Tim Hugo, the Free File Alliance’s executive director, disputes the idea that Free File isn’t working. He notes that Free File has facilitated 48 million returns in the last 13 years, which equates to $1.4 billion worth of tax software. Hugo says he "would welcome millions more … The problem I see is that people just don't know about it. The only catch is that you have to go to IRS.gov to get it." He went further, claiming that a program like Warren’s would carry risks: Return-free filing is “doing tax preparation and tax collection all in one entity,” he says. “That is a recipe for a backdoor tax increase."
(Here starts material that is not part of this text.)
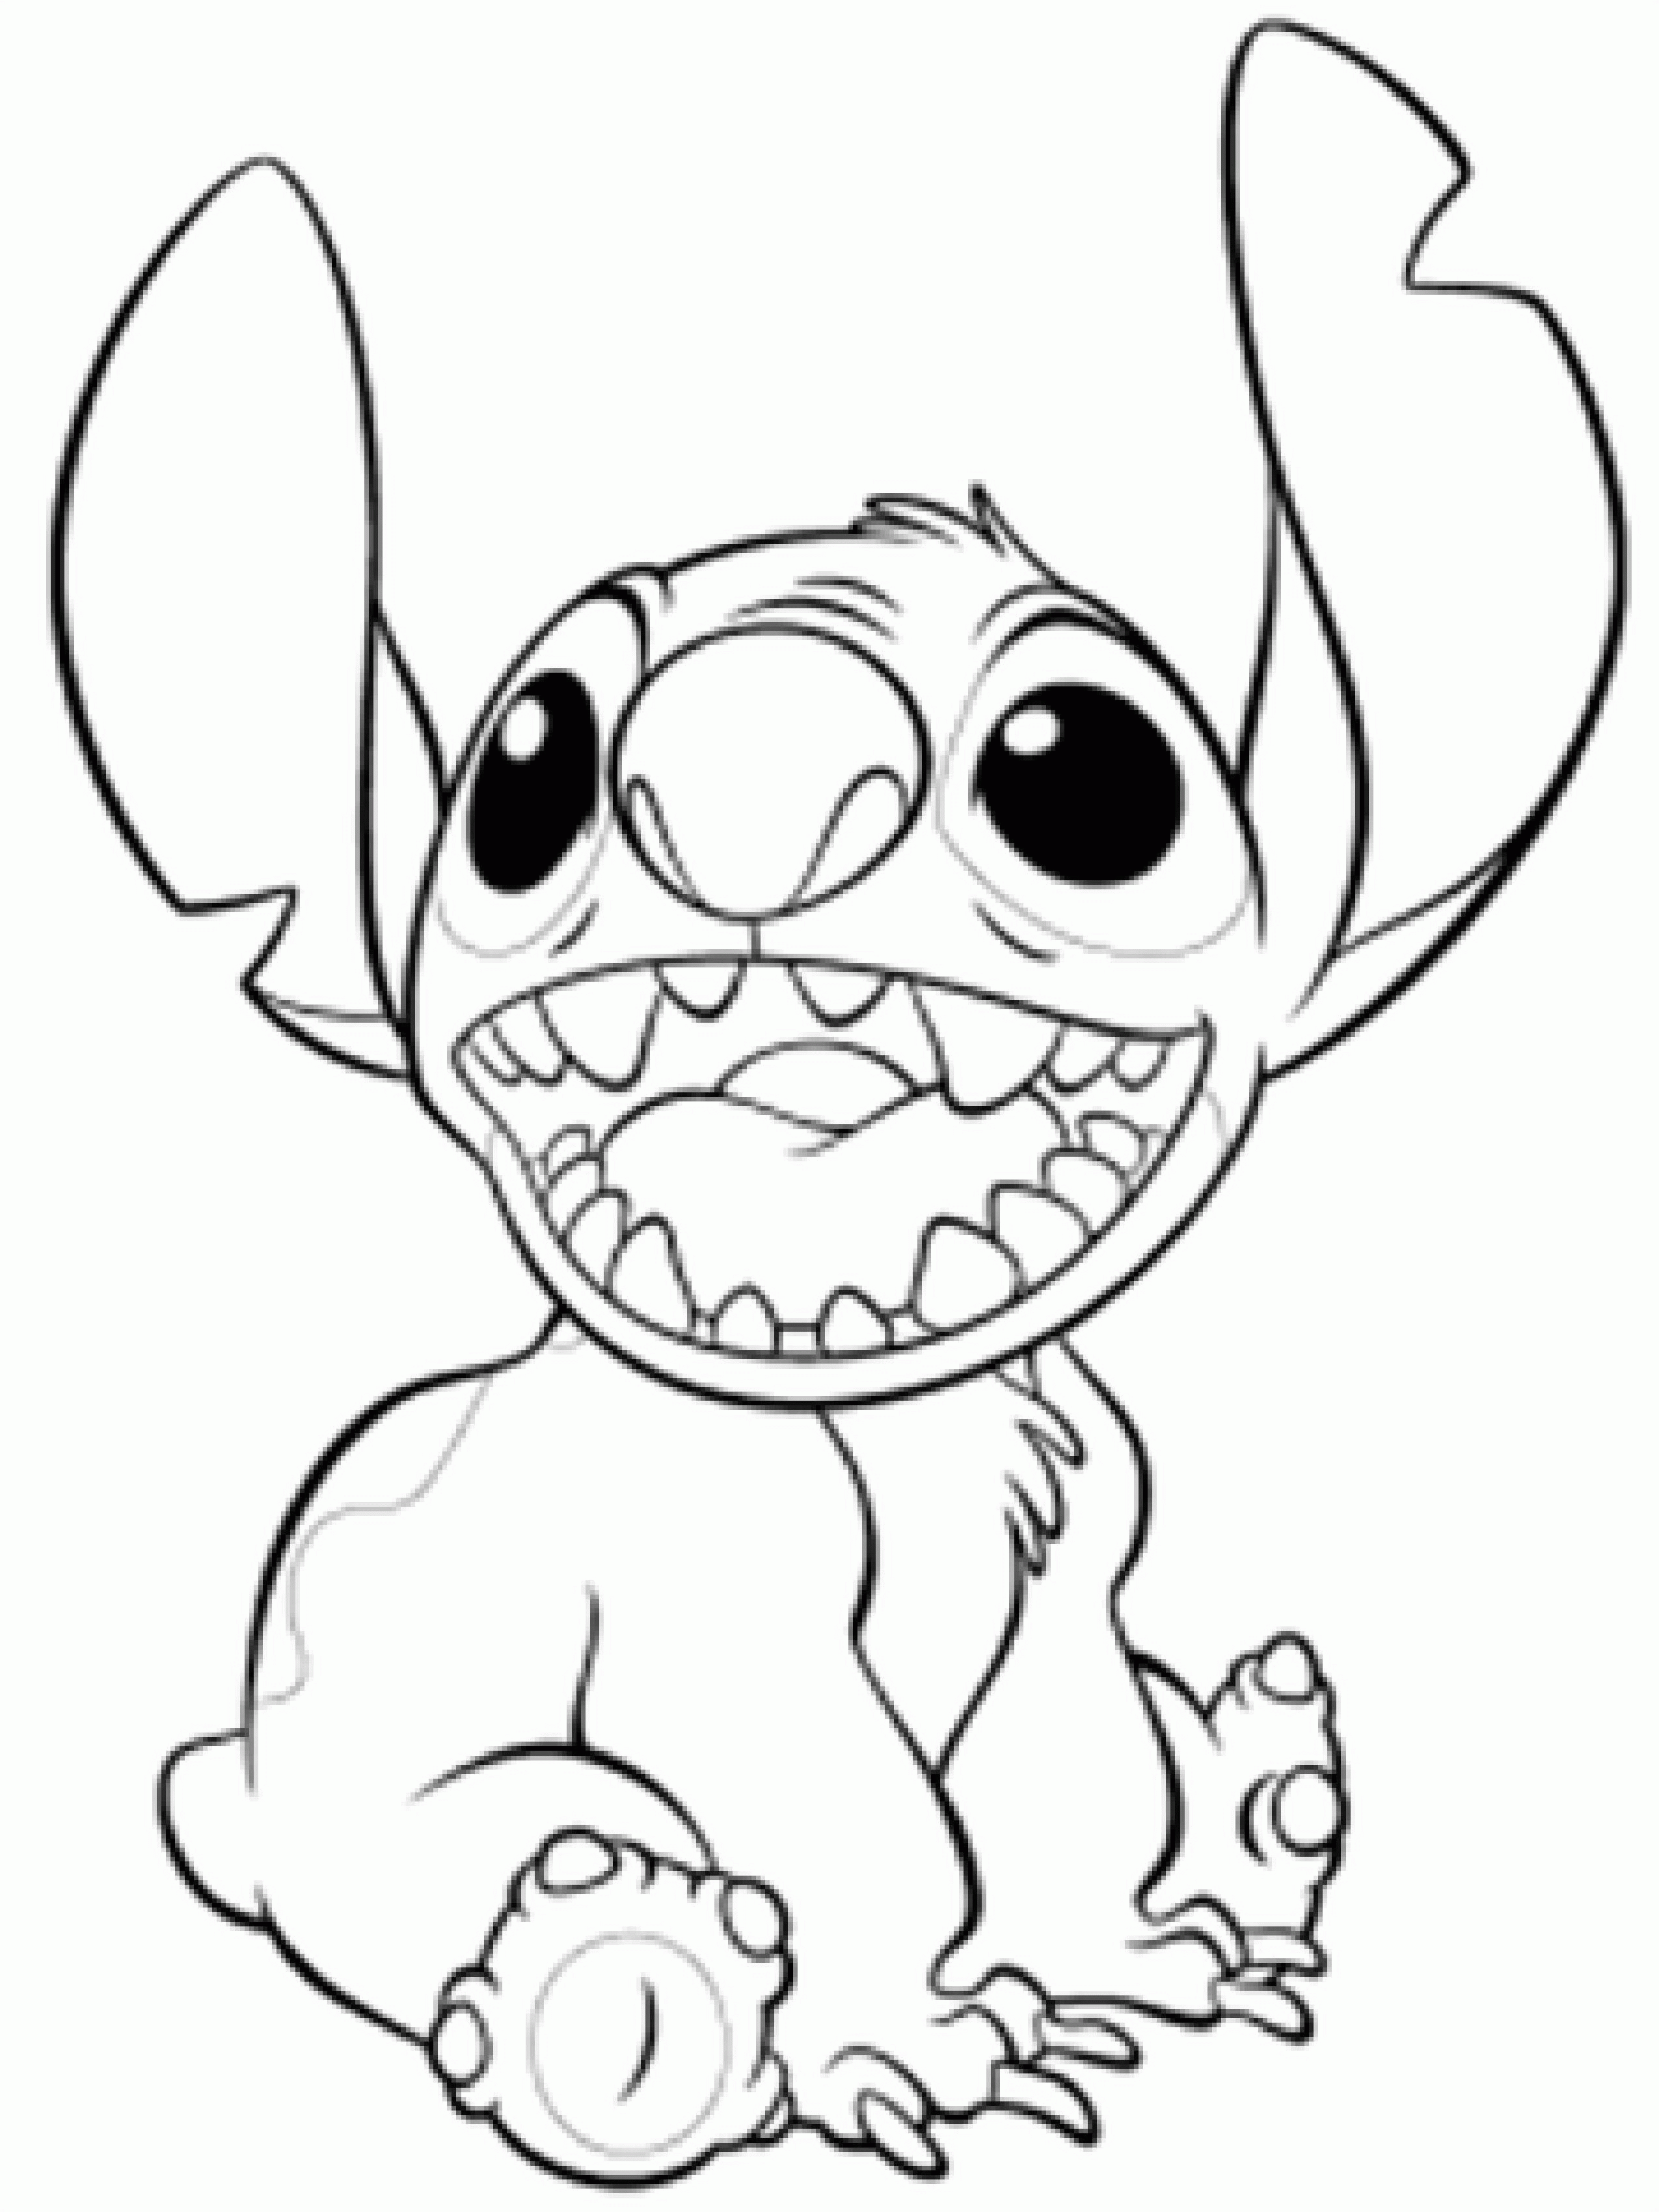 490 Animal Cool Coloring Pages To Print for Adult

Some academics argue that this idea shouldn’t be controversial, because what the agency would be doing amounts to data entry. “Pre-populating a return for these kinds of taxpayers that we're talking about, low- and middle-income taxpayers who take the standard deduction, who don't have mortgage interests or if they do they don't have enough itemized deductions to actually itemize, which is 70 percent of taxpayers, that is just scrivener’s work,” says Dennis Ventry, a professor at UC Davis School of Law. He adds, “It's not [a] sophisticated tax practice that requires paying a cent for. Taxpayers should not have to pay for that kind of work and the government is in the perfect position to actually go ahead and do that for the taxpayers.”
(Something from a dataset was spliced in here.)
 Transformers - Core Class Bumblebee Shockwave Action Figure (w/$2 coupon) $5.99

And as for those concerned that the IRS would start secretly extracting additional tax revenues, Bankman says that it’s easy enough to take those forms to a tax preparer or accountant. “If the private companies say, 'We're doing more for you than the government. We're adding value,' that's great—just like your accountant can say that,” he says.
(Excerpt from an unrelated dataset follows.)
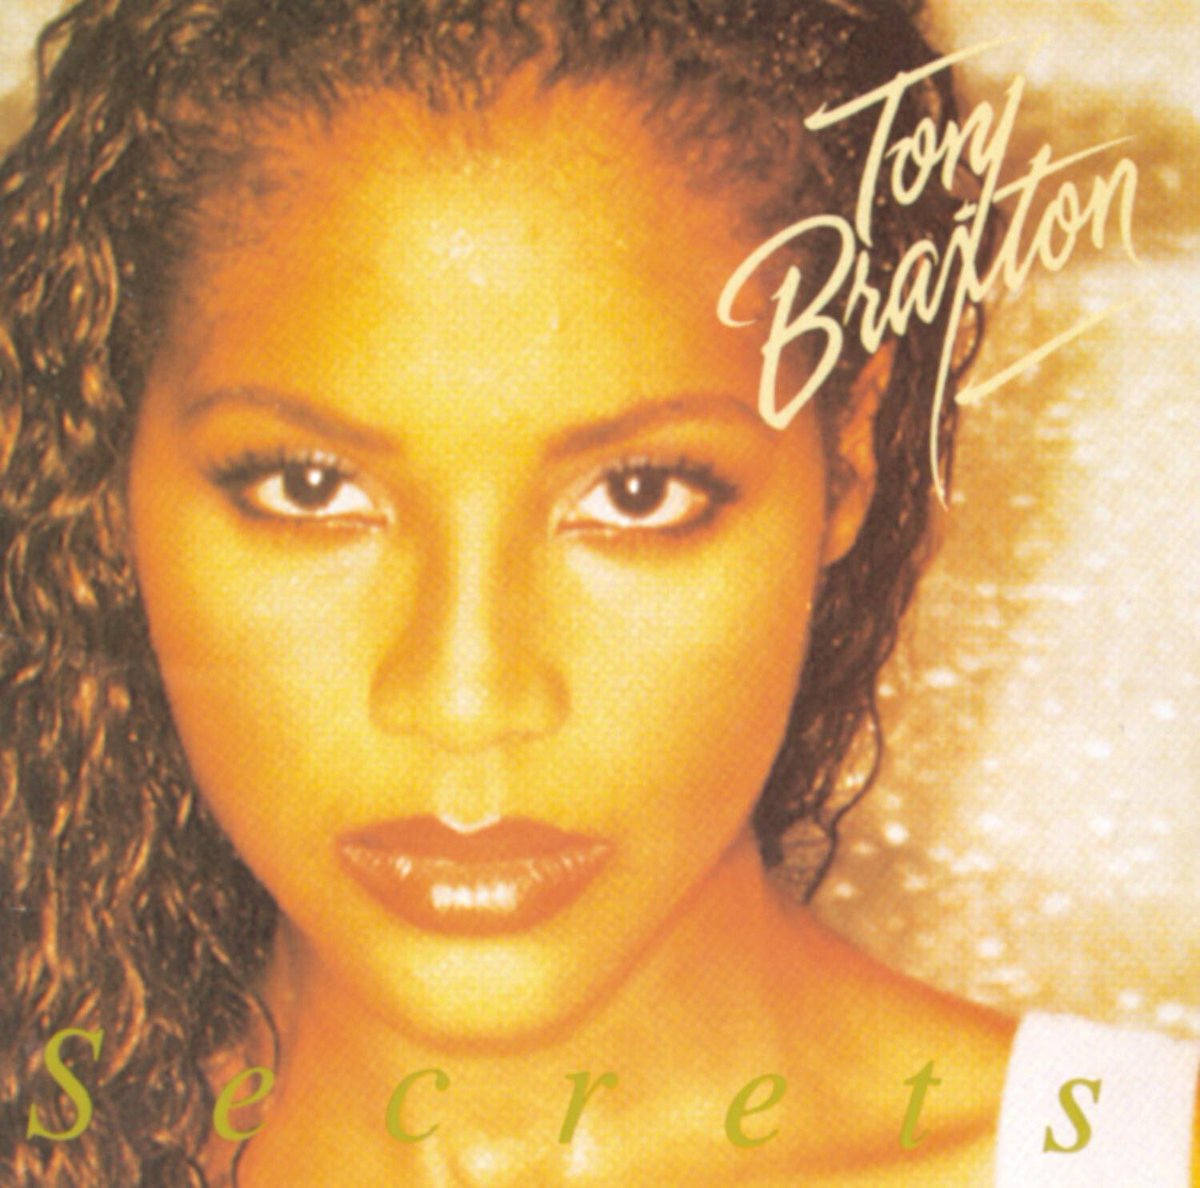 RT @LeModulicious: On this day in 1996 @tonibraxton released her iconic sophomore album #Secrets ???????? #20yrs later and still playing! https:/…

Currently, both Democratic presidential candidates have voiced support for Warren’s bill. And while the program would cost taxpayers money, the net savings could be huge. Austan Goolsbee, the former chairman of Obama’s Council of Economic Advisors and a professor at the University of Chicago’s Booth School of Business, estimated in 2006 that return-free filing would save American taxpayers $2 billion. Further, once such a program is set up, the maintenance costs would be low: According to the California Franchise Tax Board, CalFile’s annual costs are about $100,000, which goes toward updating the program in accordance with any new tax legislation, and saves the state over half a million dollars a year. (For comparison, the private-sector tax-prep industry is estimated to bring in $10 billion in revenue every year.)
“What we know is that given the choice, people really like [return-free filing] … The people who used this in California loved it,” says Bankman. “I think it's a blueprint for where the government is going to go, should go in the future, and sooner or later will get there. Because it's just too stupid for us all to spend the equivalent of $50 billion a year filing our individual income taxes.”